Baixa pressão na rede de abastecimento impediu que a água chegasse até as casas

 

BÁRBARA TREVISAN
Especial para o RROnline*

As ruas Senador Manoel Cordeiro Villaça e Arlindo Béttio, no bairro Alves Dias, em São Bernardo ficaram oito dias sem abastecimento de água regularizado por causa de um problema na Válvula Redutora de Pressão da Sabesp. A situação só foi completamente resolvida na tarde de ontem.

“Durante a madrugada vinha uma quantidade de água, mas não chegava a encher a caixa. Era tão pouco que em menos de meia hora acabava”, afirmou o morador Adalberto Rezende da Luz Filho, e completou, “cada vez que você ligava na Sabesp eles falavam uma coisa.

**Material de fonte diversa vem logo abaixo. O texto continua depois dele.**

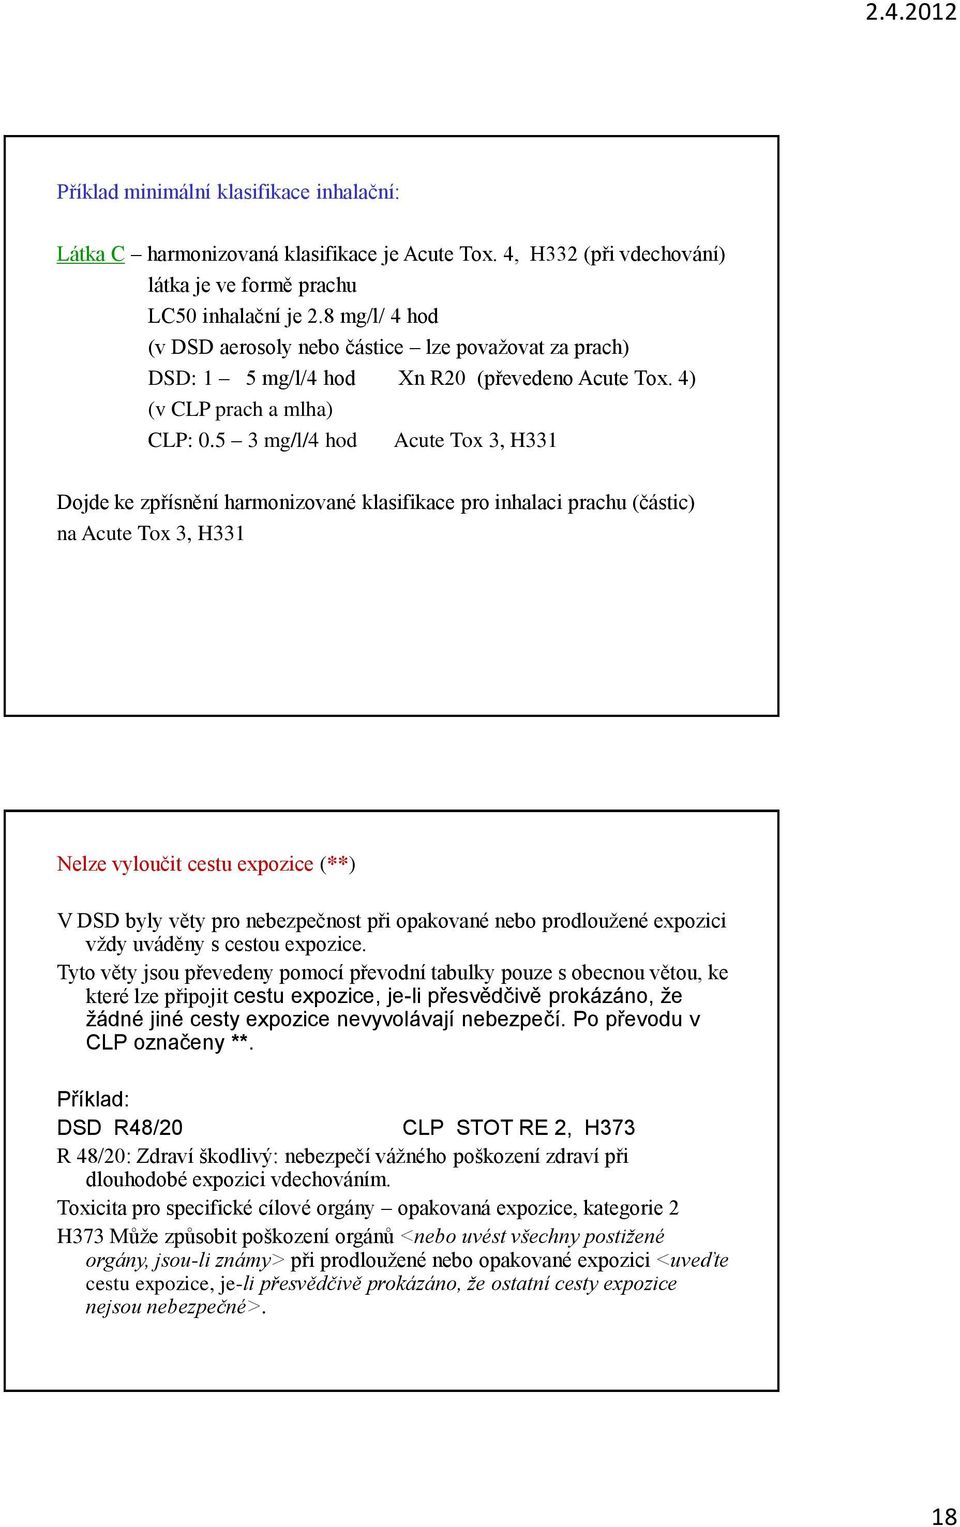 5 3 mg/l/4 hod Acute Tox 3, H331 Dojde ke zpřísnění harmonizované klasifikace pro inhalaci prachu (částic) na Acute Tox 3, H331 Nelze vyloučit cestu expozice (**) V DSD byly věty pro nebezpečnost při

Uma hora eles falavam que estava tendo manutenção, depois que era uma válvula entupida, e a frase que você ouvia todos os dias é que a situação seria regularizada de madrugada, e isso aconteceu por oito dias.”

Em nota ao RROnline, a Sabesp informou que a Válvula Redutora de Pressão, usada para impedir vazamentos,  apresentou defeito, o que gerou baixa pressão na rede de água e impediu que ela chegasse aos lugares mais elevados. Segundo a empresa, as reclamações de moradores foram recebidas e o problema foi resolvido dia 18, mas dia 19 o defeito voltou a aparecer. As casas ficaram sem água do dia 14 até segunda-feira, dia 21.

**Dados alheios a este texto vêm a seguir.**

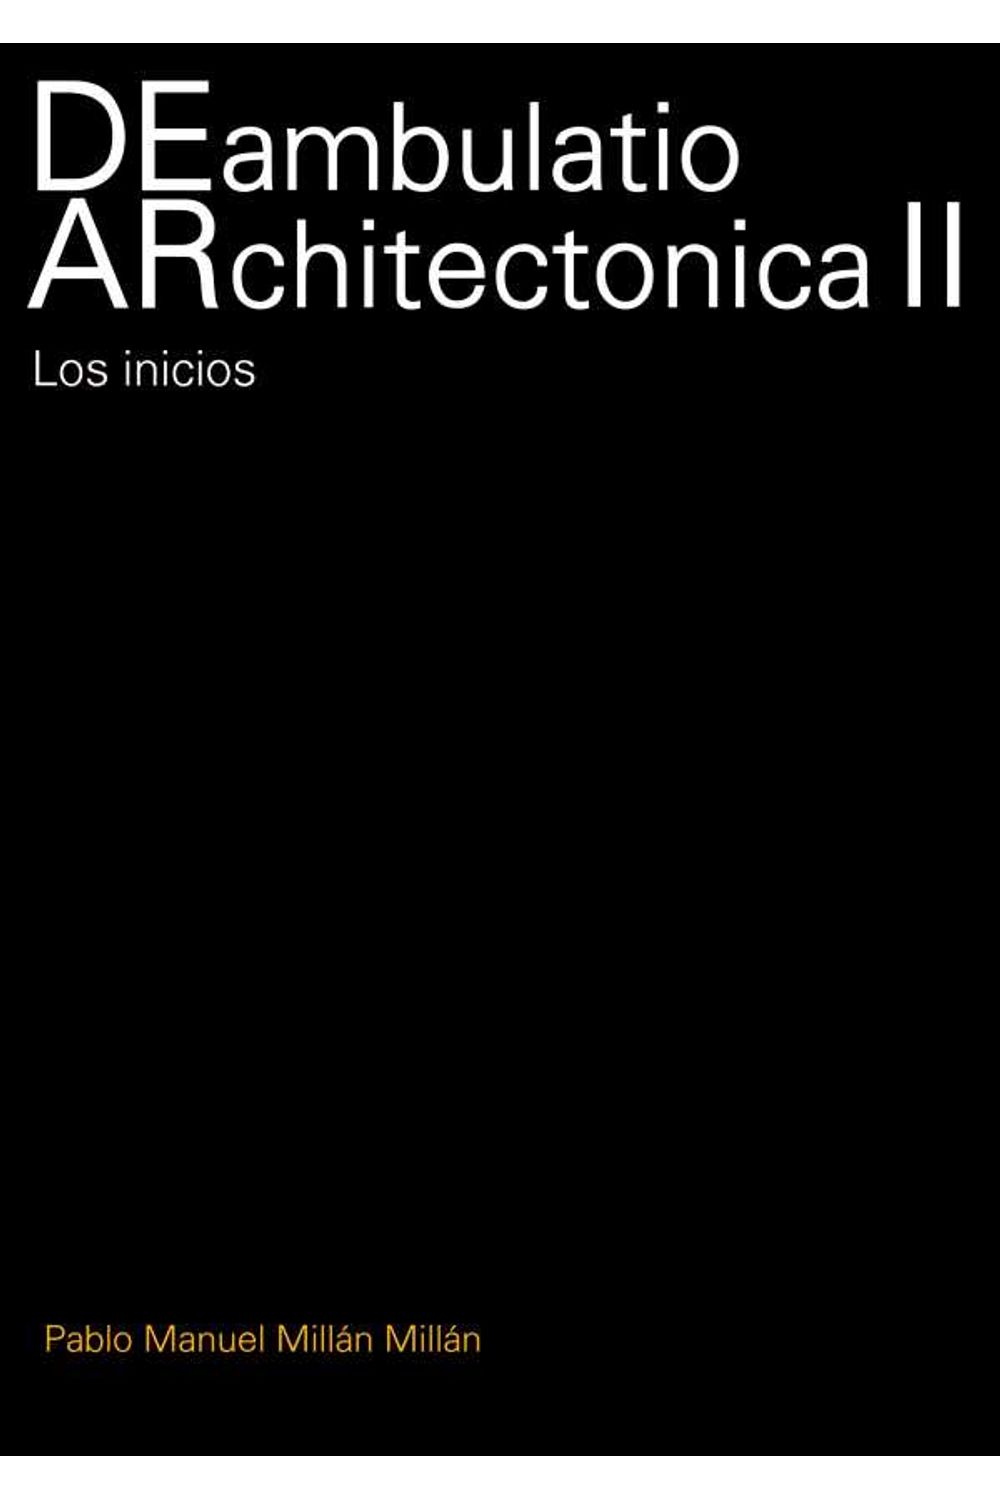 DEambulatio Architectonica II. 9781643605838

“Foi instalado um aparelho datalogger, utilizado para medir a pressão na rede de água, durante 24 horas, pelo prazo de sete dias”, afirmou a empresa na nota. O aparelho gerou um relatório que foi analisado pelos técnicos da Sabesp. Na madrugada de segunda-feira o problema foi solucionado e ontem à tarde a situação estava totalmente regularizada.

A Sabesp pediu desculpas pelos transtornos ocasionados e disse que está a disposição para quaisquer esclarecimentos.

 

*Esta reportagem foi produzida por alunos do curso de Jornalismo da Universidade Metodista de São Paulo

http://www.metodista.br/rronline/temporario/ruas-de-sao-bernardo-estao-ha-8-dias-sem-agua/view

 

 

Minha primeira matéria publicada… E já estava na primeira página do RROnline!! Fiquei tão feliz que decidi postar ela aqui também!!

Que acharam?

Beijos!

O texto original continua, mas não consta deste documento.